INSTRUCTIONS FOR THE TASK:
After locating the line with "Under Armour Men's", repeat it and every following line to the end of the listing, exactly. Omit the pictures.

SUPPLIED DATA:
* * *

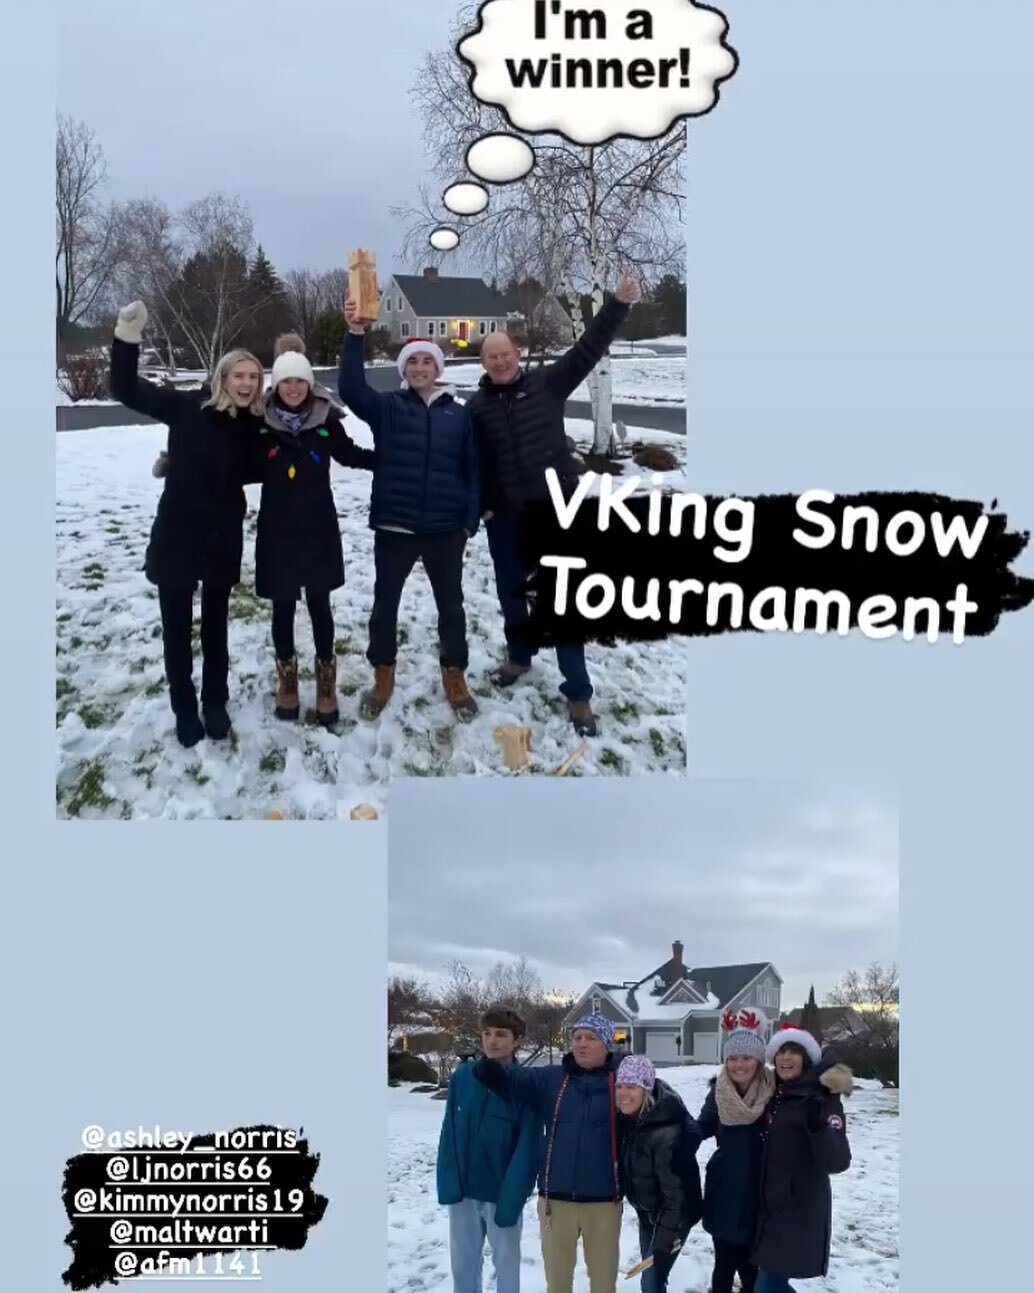 Winter V:King tournament! What better way to ring in 2022?! ❄️❄️
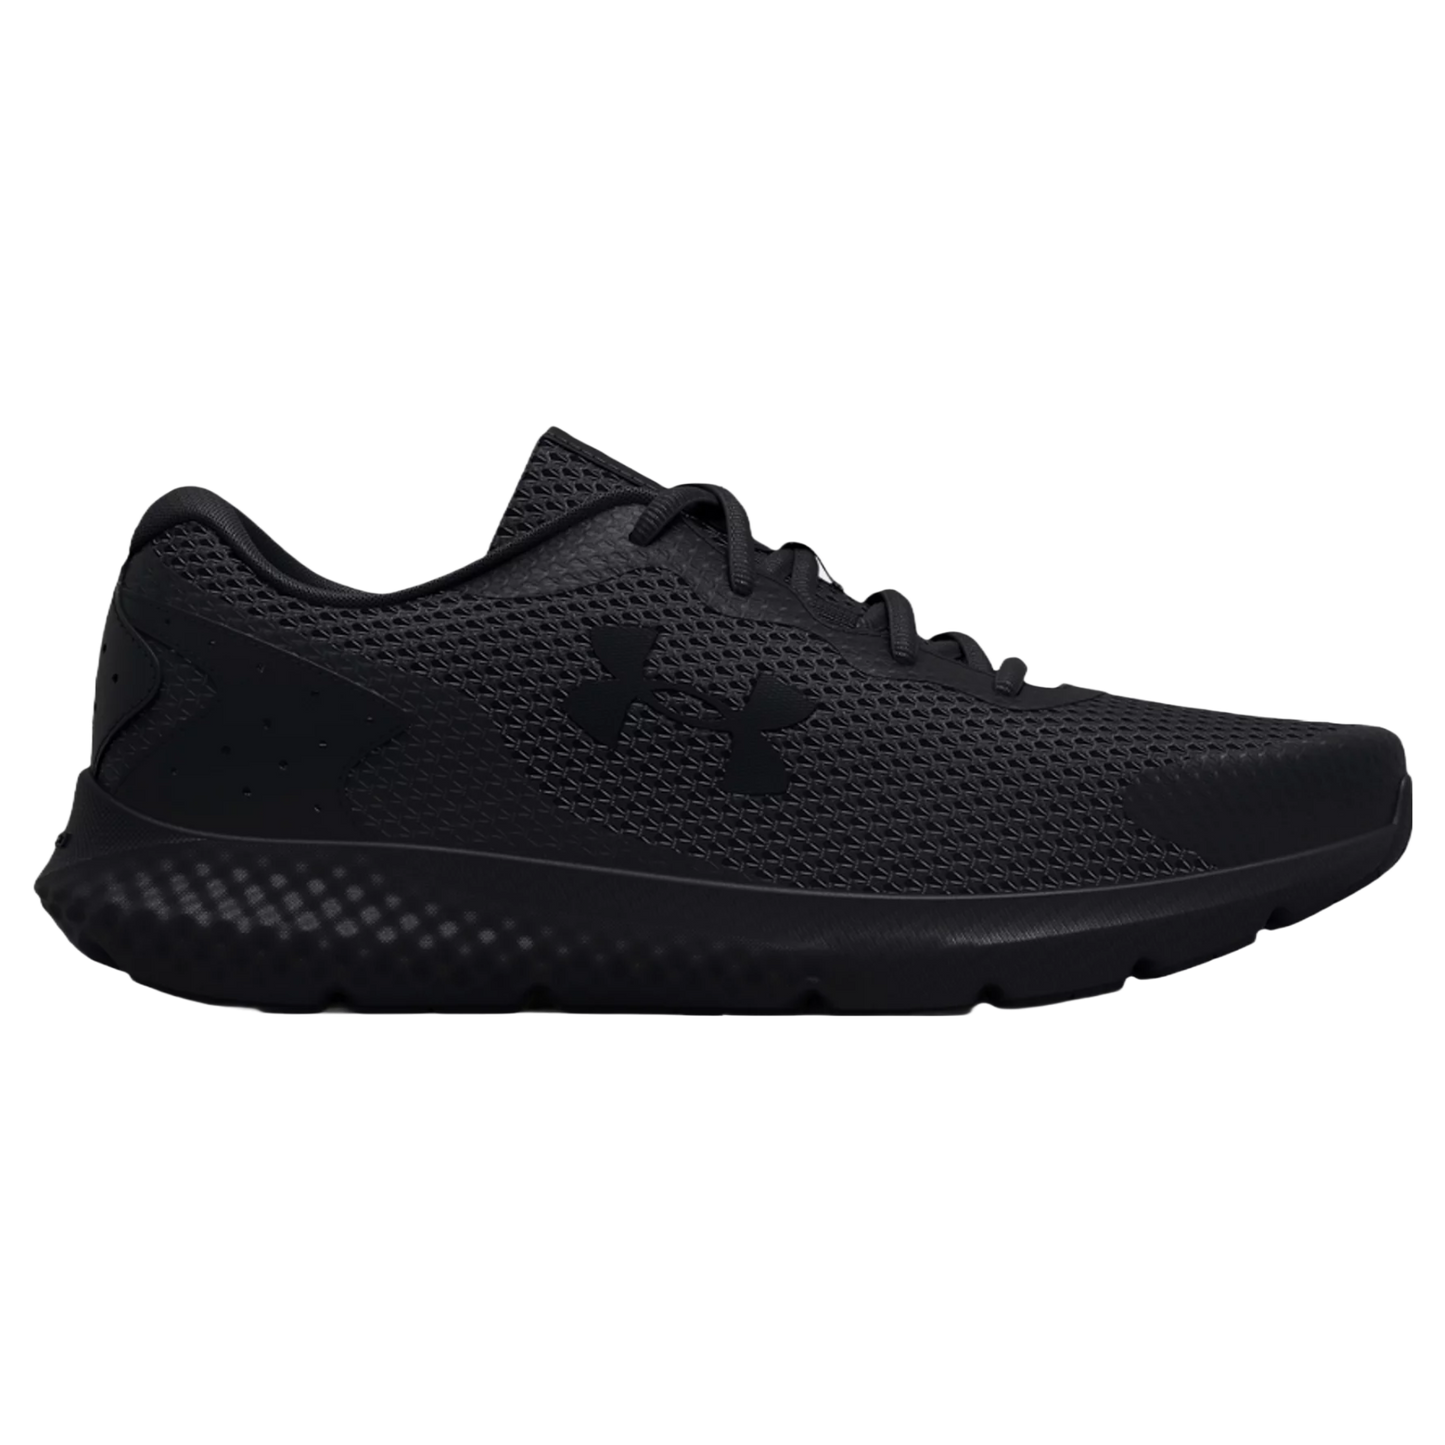 Under Armour Men's Charged Rogue 3 Black Running Shoes 3024877-003
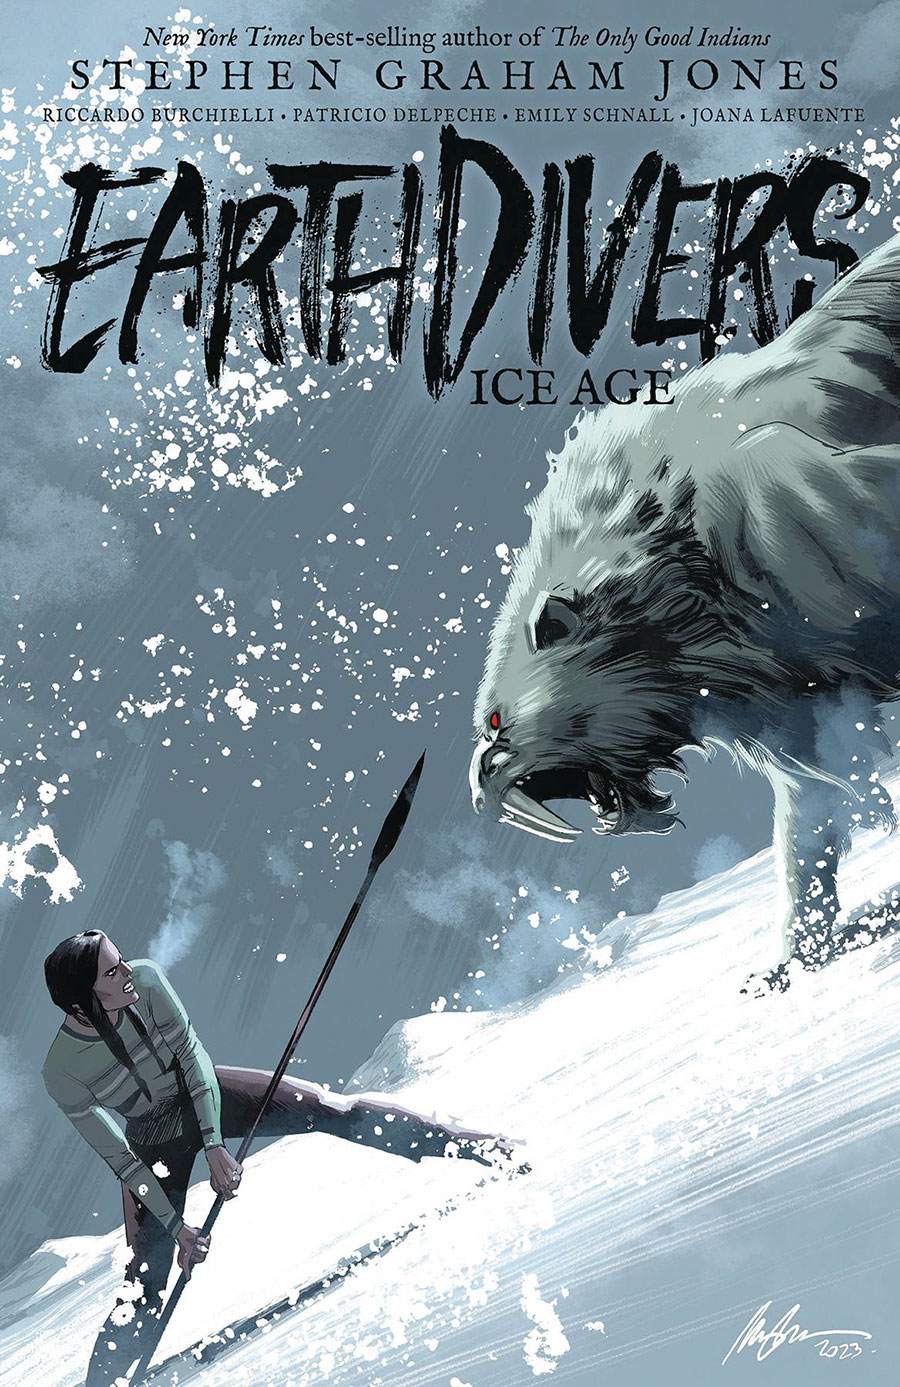 Earthdivers Vol 2 Ice Age TP

* * *

SOLUTION:
 Under Armour Men's Charged Rogue 3 Black Running Shoes 3024877-003
 Earthdivers Vol 2 Ice Age TP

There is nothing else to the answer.